Quantifying Dynamic Risk with Predictive Analytics
Predictive analytics enables innovative approaches for leveraging real-time clinical data to assess risk. Predictive methodologies and applications that use dynamic patient information to update health risk assessments over time are especially valuable. For this purpose, two healthcare applications have been developed that assess either risk of hospital readmission or probability of elective, surgical procedures. Both techniques use electronic health record information as a source of features for predictive modeling. These applications are rooted in health system operations and may provide innovative value for monitoring and managing clinical operation risk.
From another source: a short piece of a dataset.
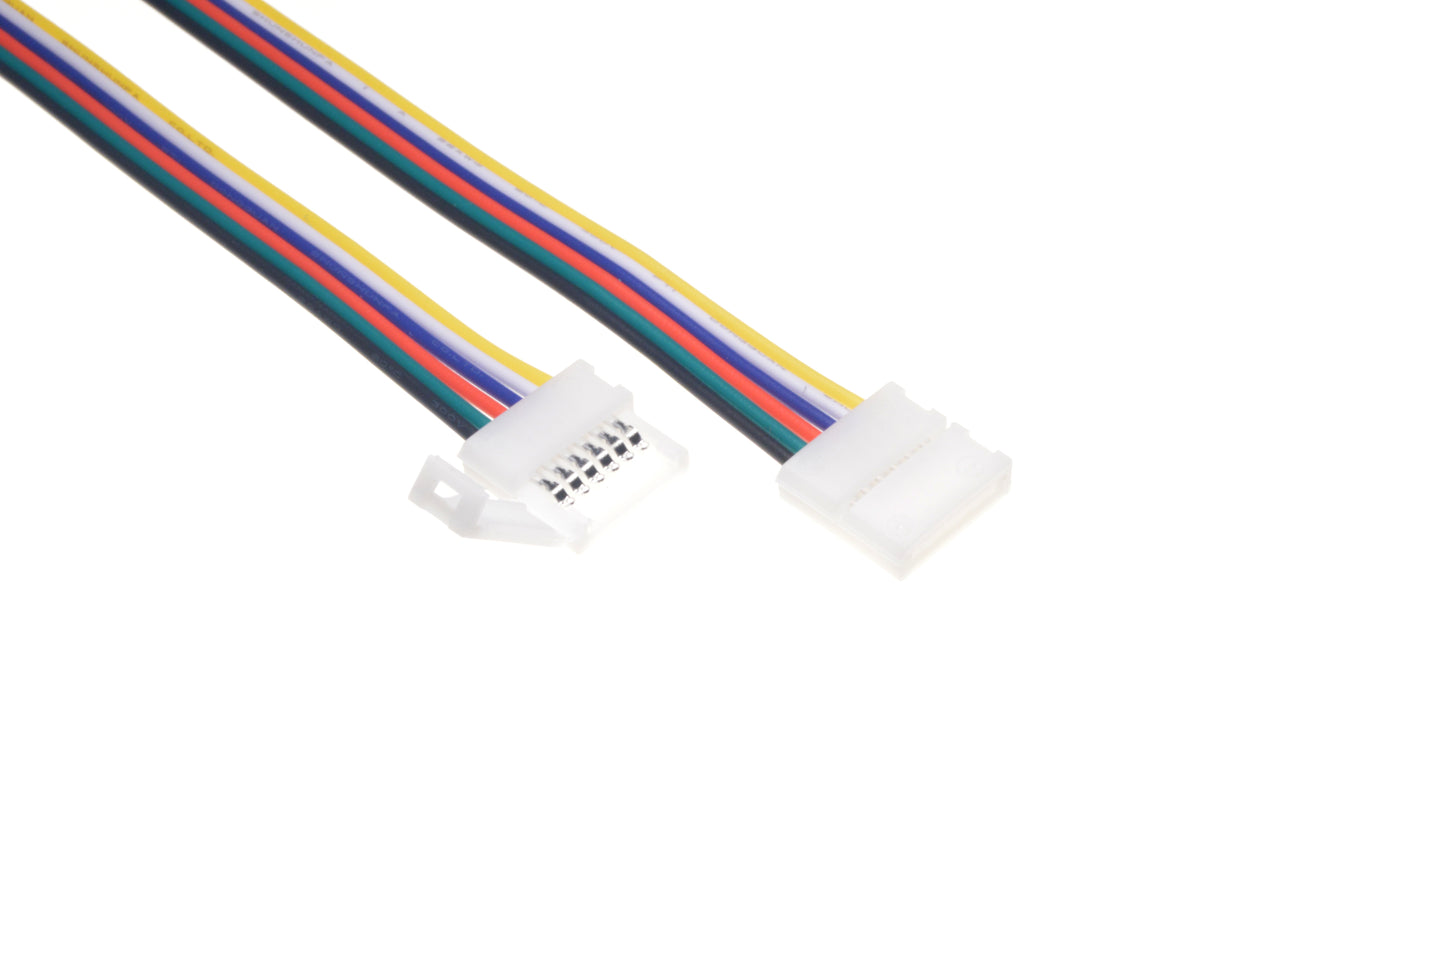 PN 3075 | LED Strip to Wire | Solderless Connector Cable for 5-in-1 LED Strip - 10 PACK

This paper provides readers with a walkthrough for using predictive analytics to assess risk by describing the general workflow and providing two real-world examples. The predictive analytics methods discussed have broad applicability to numerous applications and industries. The authors intend to present a stepping off point for readers looking to use predictive analytics to assess and manage clinical operation risk in a forward-looking way. While these examples are not specific to clinical trial execution, they provide process templates for risk identification in a dynamic data environment. To describe the scope of the paper, the first portion of the paper called “Predictive Modeling Workflow” provides a primer from data selection to predictive modeling. The second portion of the paper, which is broken into two sections called “Healthcare Application 1” and “Healthcare Application 2,” provides two detailed, practical examples of predictive modeling related to risk management that the authors encountered in a real-world, healthcare setting.